Asian carp could be threatening B.C. waters

Hard on the heels of capturing the dreaded snakehead fish from a Vancouver-area park pond, scientists are warning another foreign finned invader is potentially threatening B.C. waters.

The province's already stressed salmon stocks could be in danger after voracious Asian carp reportedly were sighted in the Fraser River, CTV News reports.

Fishermen have reported seeing the invasive fish species, which the Department of Fisheries and Oceans (DFO) says could prey on salmon larvae and compete for food with indigenous fish, swimming in the Fraser near Lillooet and Lytton, northeast of Vancouver, according to the Vancouver Sun.

Last June, biologists half-drained a pond in Burnaby's Central Park and caught a highly predatory snakehead fish, which originates in Asia and Africa. Luckily the fish, most likely released by someone whose tank could not longer hold the two-foot-long snakehead, appeared to be a loner with no evidence it had spawned.

[Related: Snakehead fish caught after draining of Burnaby, B.C., pond]

The Asian carp, first imported into North America in the 1970s, have infested U.S. waterways for years. The Canadian and U.S. governments are spending millions of dollars to keep them from reaching the Great Lakes.

Last May, Fisheries Minister Keith Ashfield announced $17.5 million over five years to bolster defences against the fish, CBC News reported.

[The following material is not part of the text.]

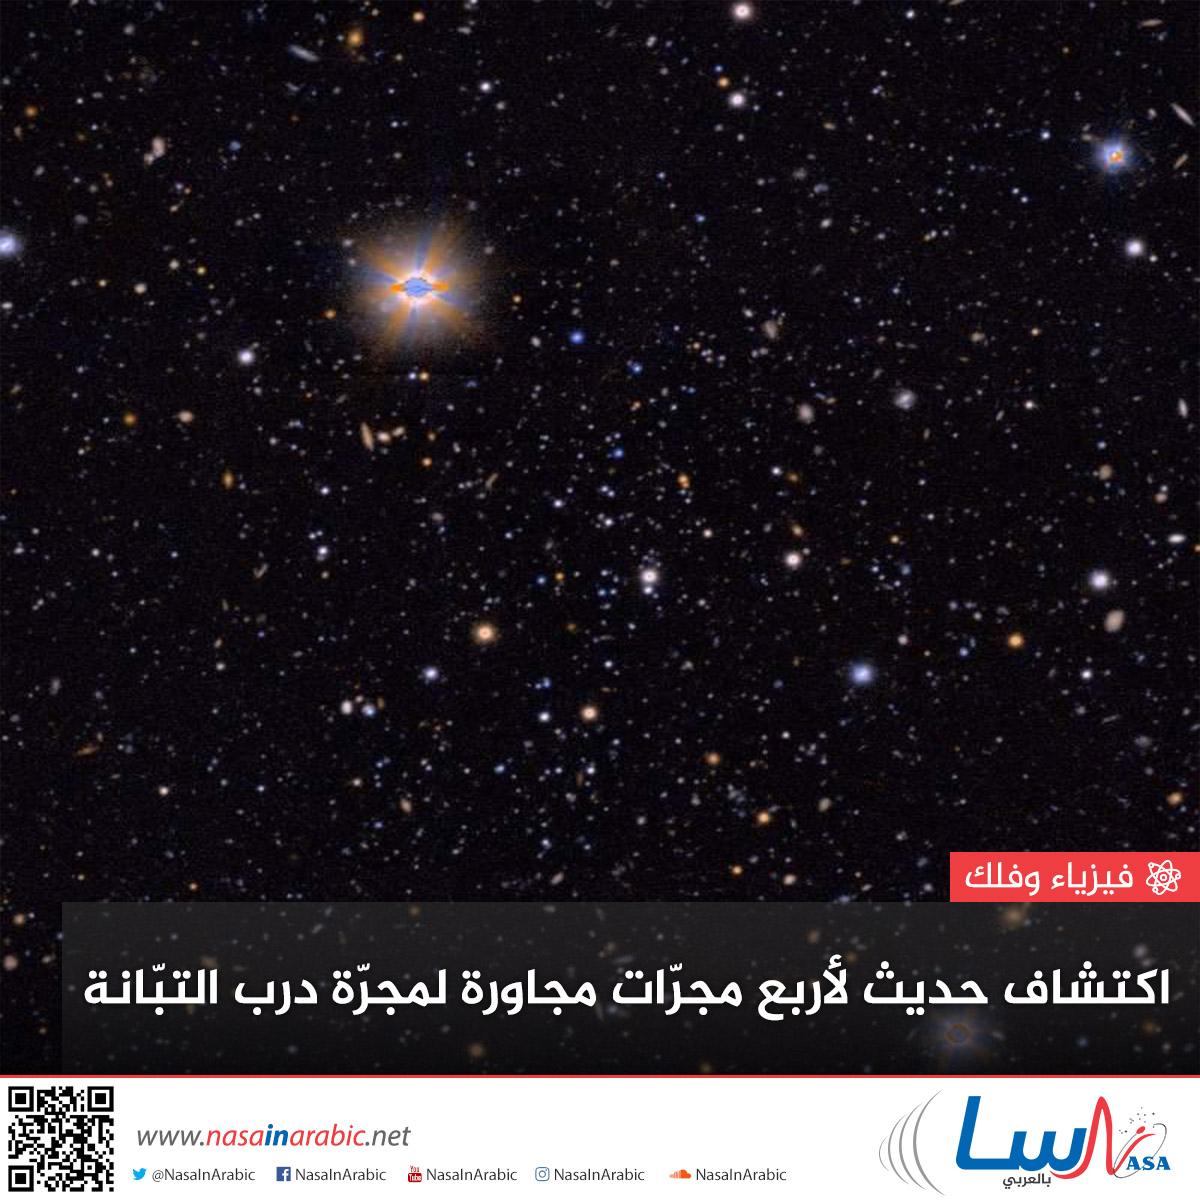 اكتشاف حديث لأربع مجرات مجاورة لمجرة درب التبانة

But the reported appearance of Asian carp, known for jumping so frenzied they've been shown landing in people's boats, has locals worried in the Fraser.

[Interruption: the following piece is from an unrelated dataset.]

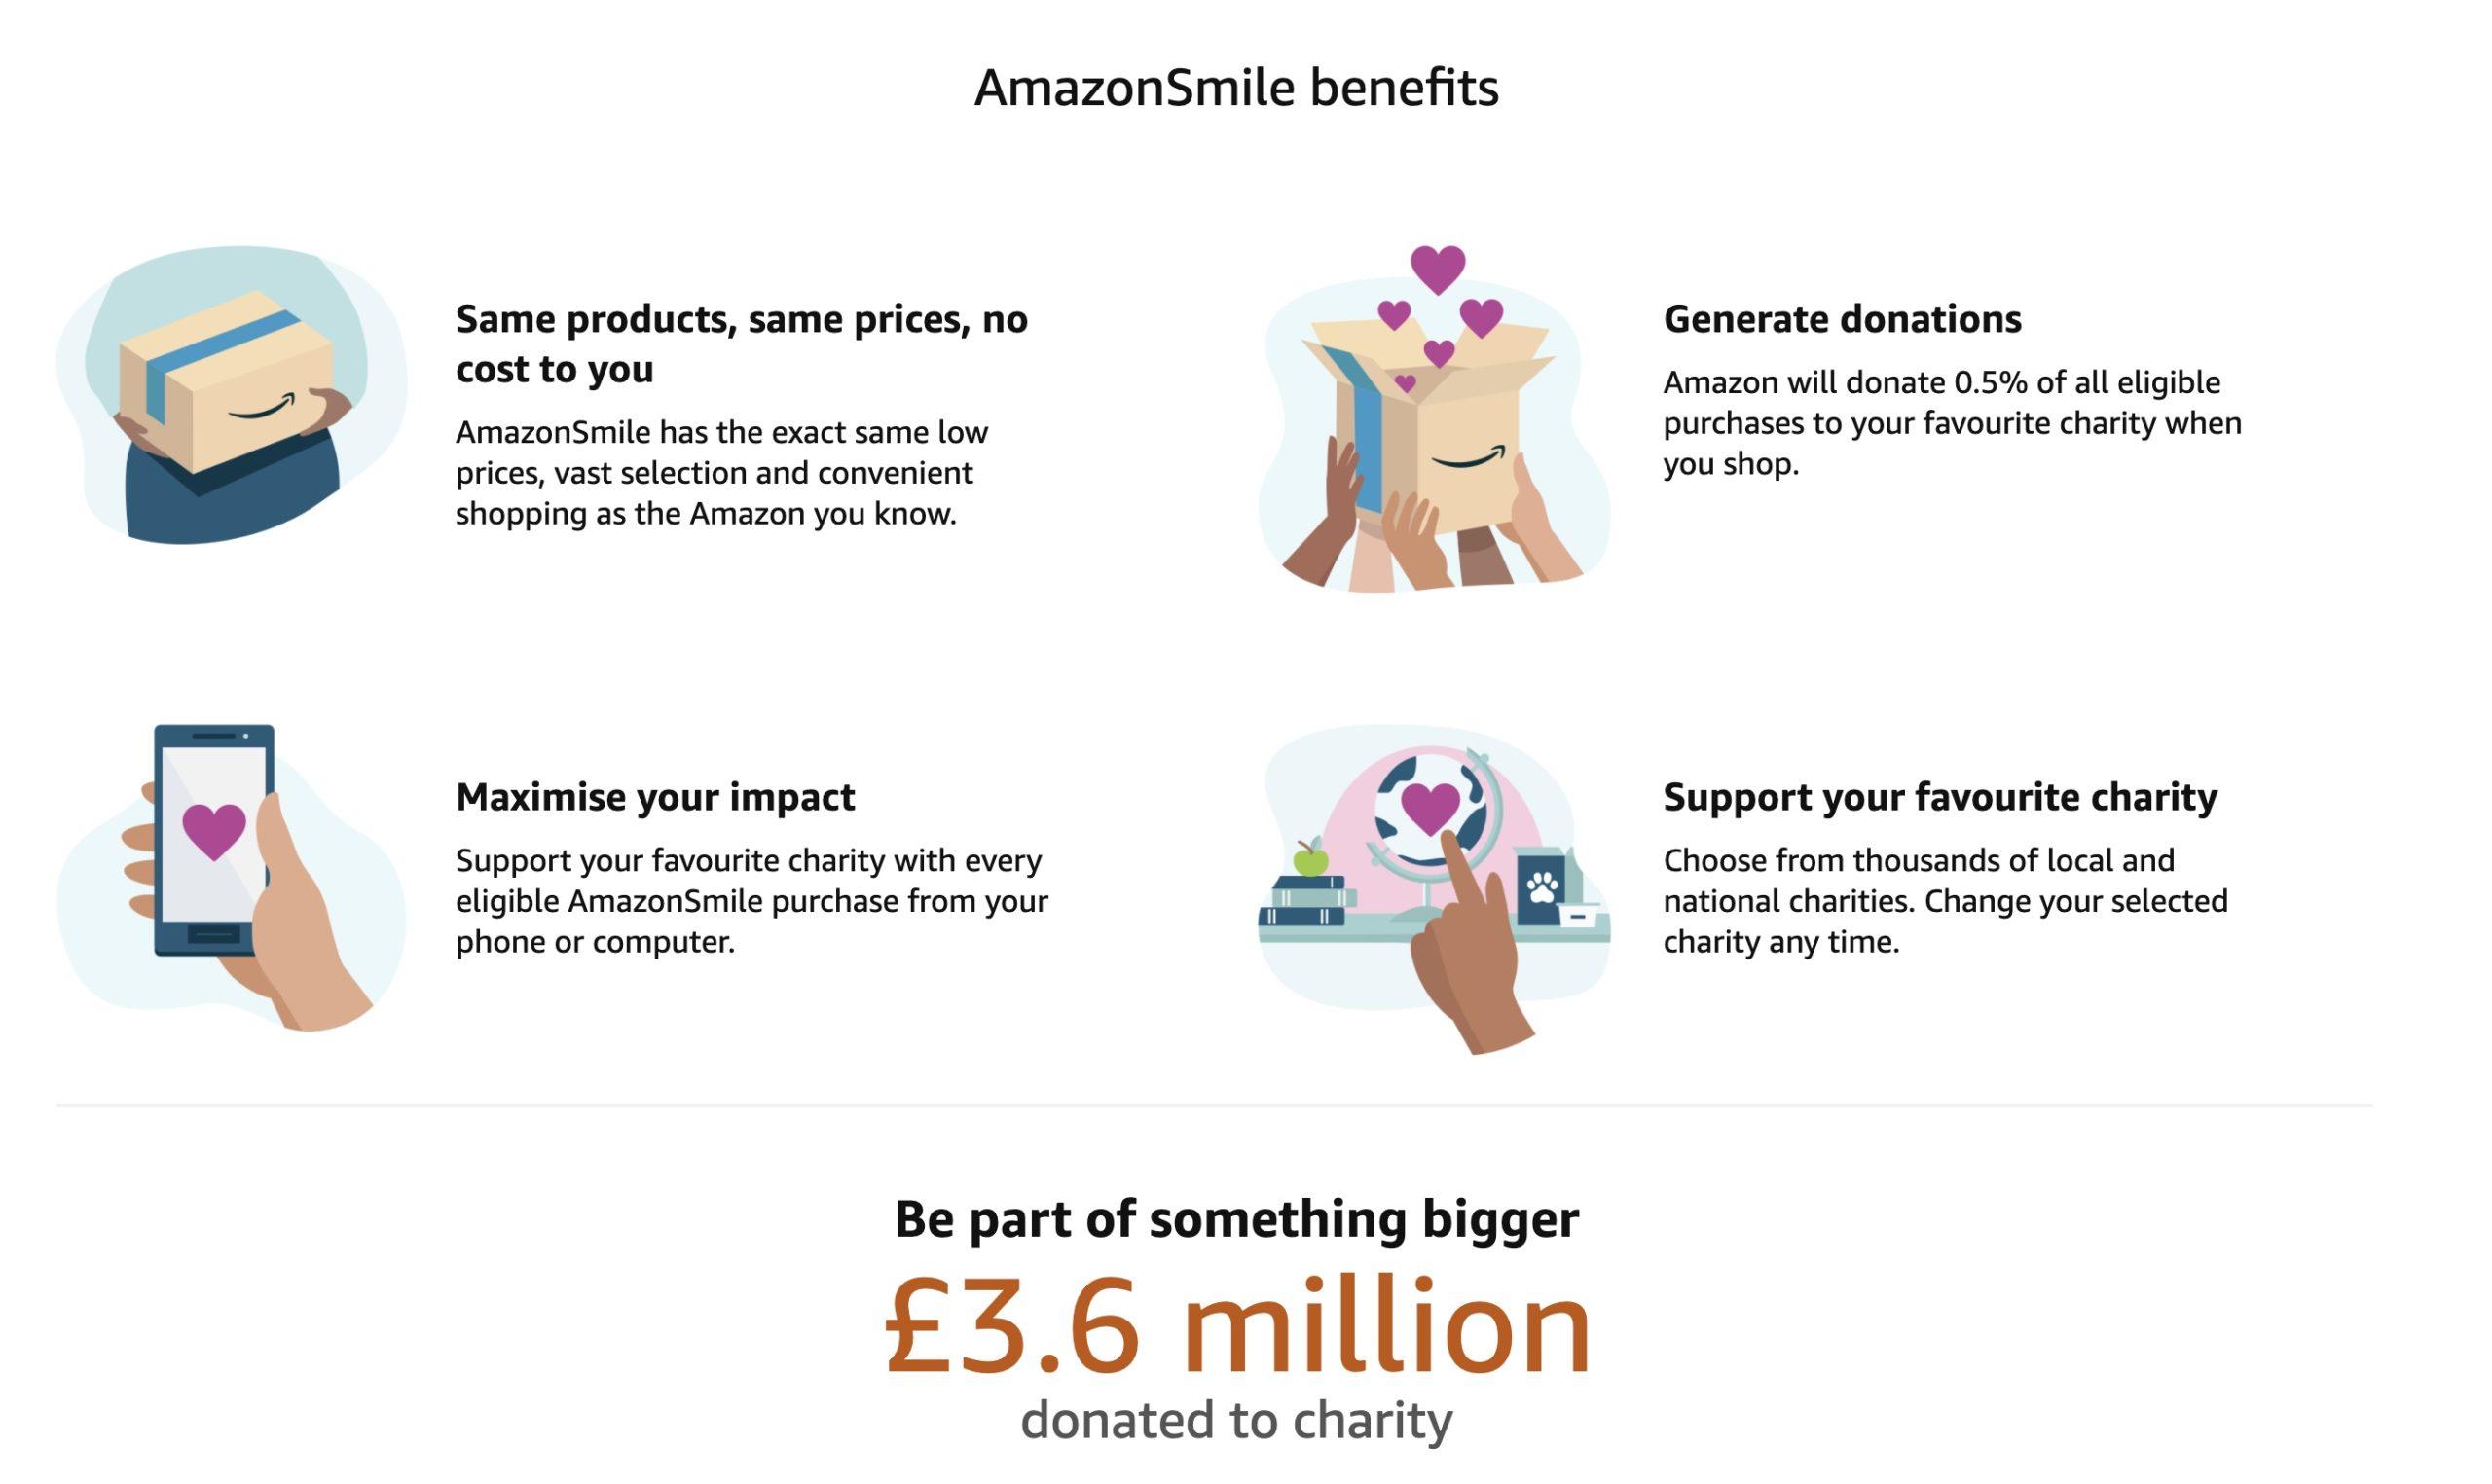 The benefits of Amazon Smile - source: Amazon.co.uk

"I saw one jump out of the river about fifty feet up and land there," John Charliem, who works on the Lytton, B.C. cable ferry, told CTV British Columbia. "It looked like a catfish."

It's not clear how the carp, if that's what they are, ended up in the Fraser.

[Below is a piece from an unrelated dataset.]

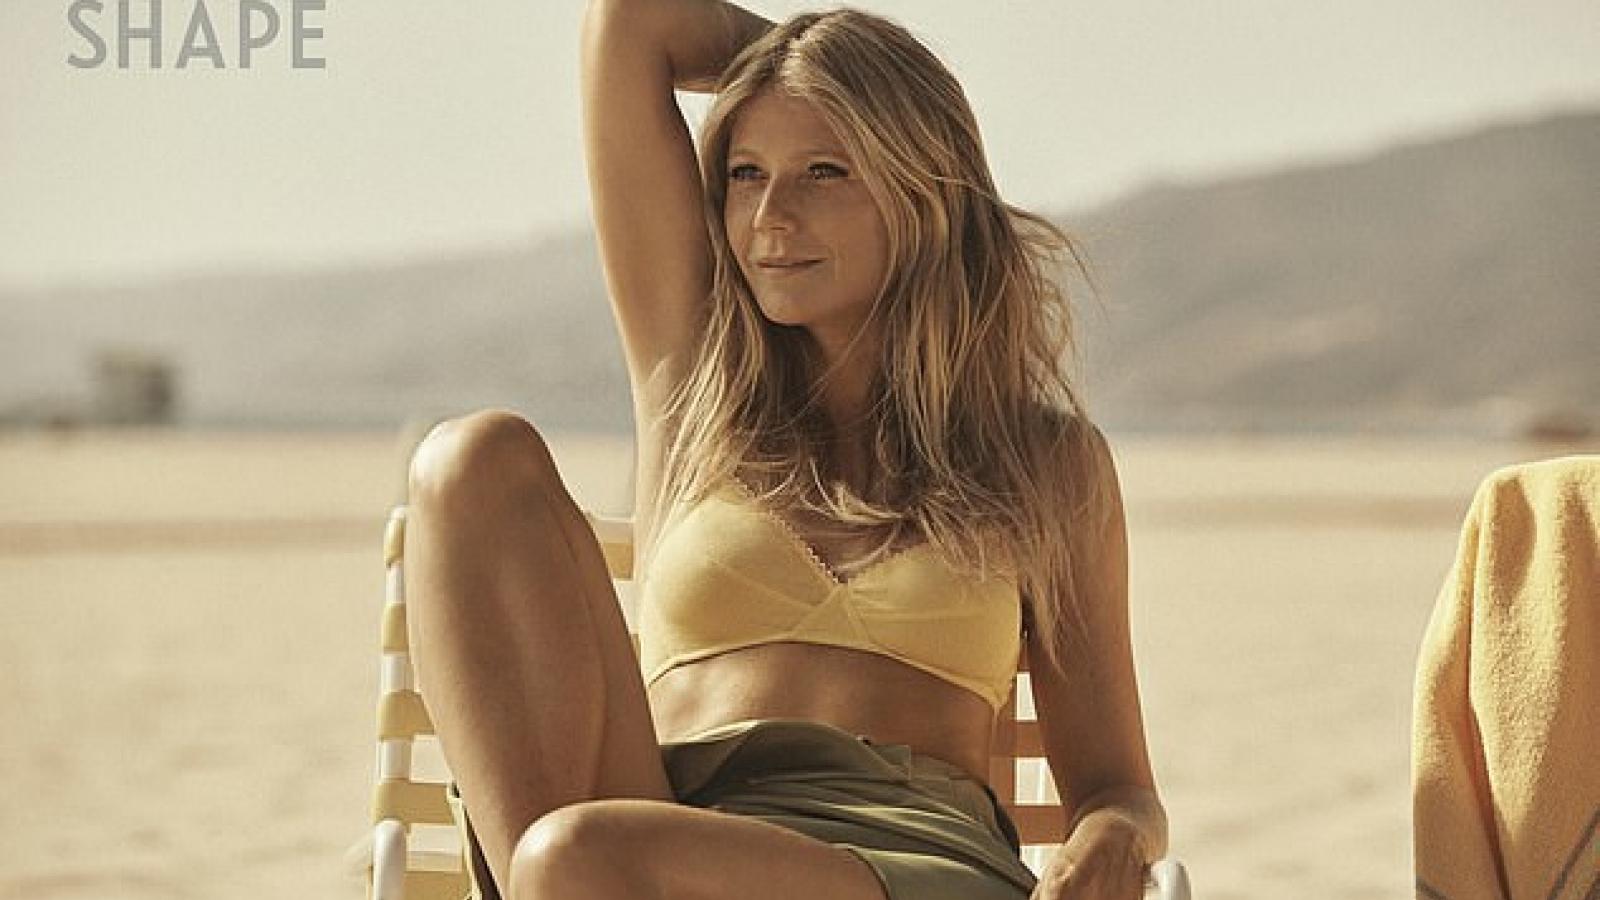 Gwyneth Paltrow trẻ trung, quyến rũ ở tuổi U50

Flooding caused the fish to escape fish-farm ponds in the U.S., eventually finding their way into the Mississippi River system and heading north.

In Canada, CTV News said, Asian carp were imported for the live fish industry, but have been banned in British Columbia since 2010.

University of British Columbia zoologist cautioned the fish spotted in the Fraser could simply be a larger common carp.

"Those are already established in the Fraser River," said Taylor. "Common carp is not nearly as potentially dangerous as Asian carp in the strict sense. But Blackhead carp, Silver carp, those can grow to large sizes and be very damaging."

Fisheries officials are asking that anyone who catches an Asian carp should hang onto the fish, note where it was caught and contact a DFO office.